The cohesin complex is essential for mitosis and meiosis. The specific meiotic roles of individual cohesin proteins are incompletely understood. We report in vivo functions of the only meiosis-specific STAG component of cohesin, STAG3. Newly generated STAG3-deficient mice of both sexes are sterile with meiotic arrest. In these mice, meiotic chromosome architecture is severely disrupted as no bona fide axial elements (AE) form and homologous chromosomes do not synapse. Axial element protein SYCP3 forms dot-like structures, many partially overlapping with centromeres. Asynapsis marker HORMAD1 is diffusely distributed throughout the chromatin, and SYCP1, which normally marks synapsed axes, is largely absent. Centromeric and telomeric sister chromatid cohesion are impaired. Centromere and telomere clustering occurs in the absence of STAG3, and telomere structure is not severely affected. Other cohesin proteins are present, localize throughout the STAG3-devoid chromatin, and form complexes with cohesin SMC1β. No other deficiency in a single meiosis-specific cohesin causes a phenotype as drastic as STAG3 deficiency. STAG3 emerges as the key STAG cohesin involved in major functions of meiotic cohesin.
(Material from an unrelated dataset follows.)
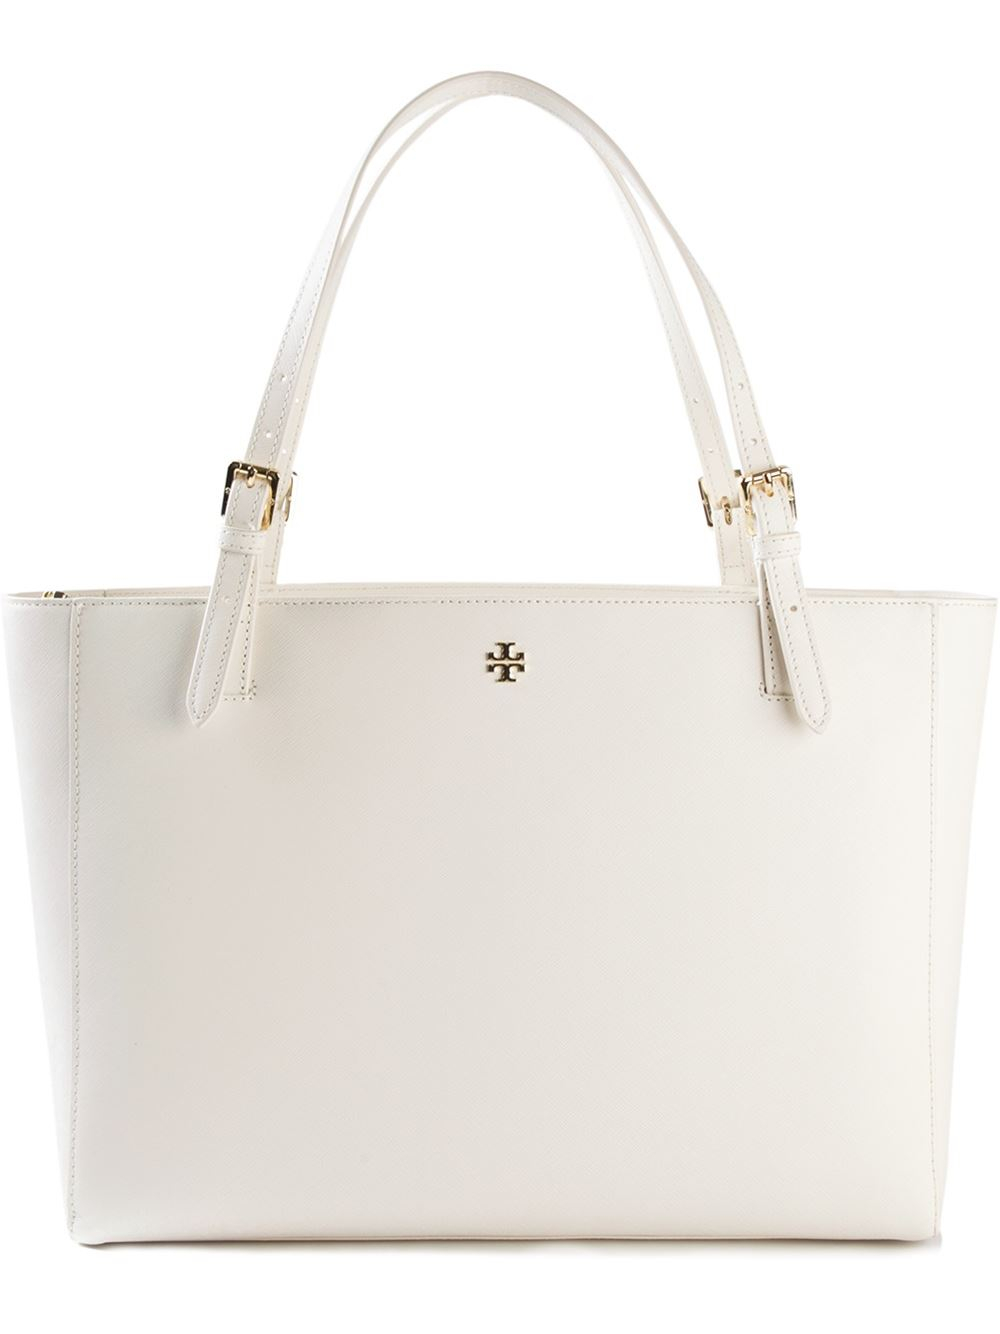 NEW Tory Burch White SMALL Kira Diamond Quilt Convertible Shoulder Bag $548  | eBay
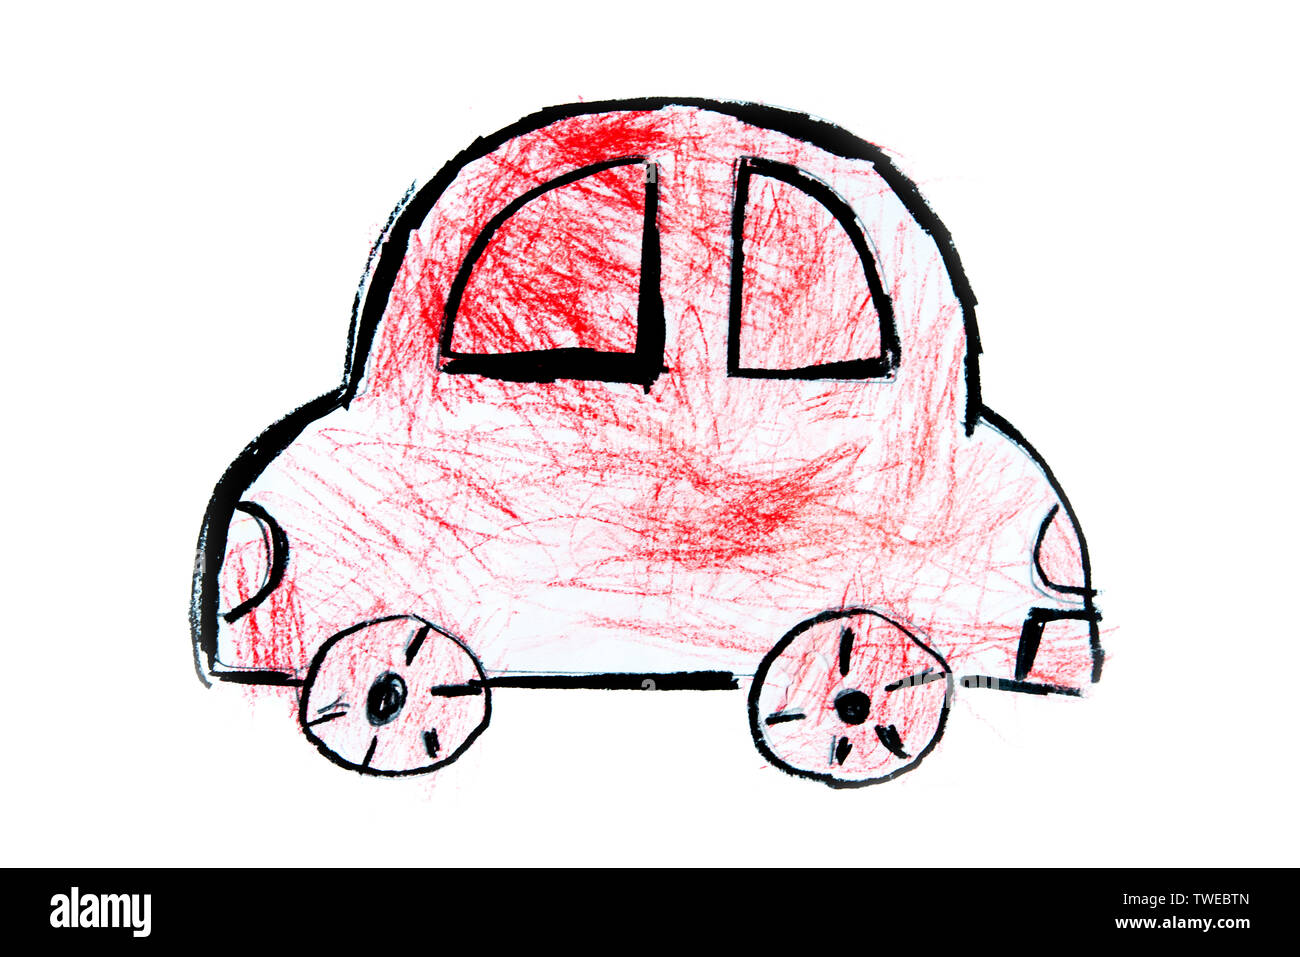 https://c8.alamy.com/comp/TWEBTN/child-artwork-hand-drawing-car-on-plain-background-TWEBTN.jpg

The cohesin complex is essential for sister chromatid cohesion in mitosis and meiosis. Mice lacking STAG3/SA3, the least understood meiosis-specific cohesin subunit, are found to exhibit the strongest phenotype of any meiotic cohesin protein deficiency analyzed so far.
- Both male and female STAG3-deficient mice are sterile.
- STAG3-deficient germ cells enter meiosis but arrest at a leptotene-like chromosome stage.
- Chromosome axis formation and synapsis of homologous chromosomes is defective in STAG3-deficient germ cells.
- Both centromeric and telomeric sister chromatid cohesion are impaired in the absence of STAG3.
- The continued presence of STAG1/SA1- and STAG2/SA2-containing cohesin complexes is unable to rescue the STAG3−/− phenotypes.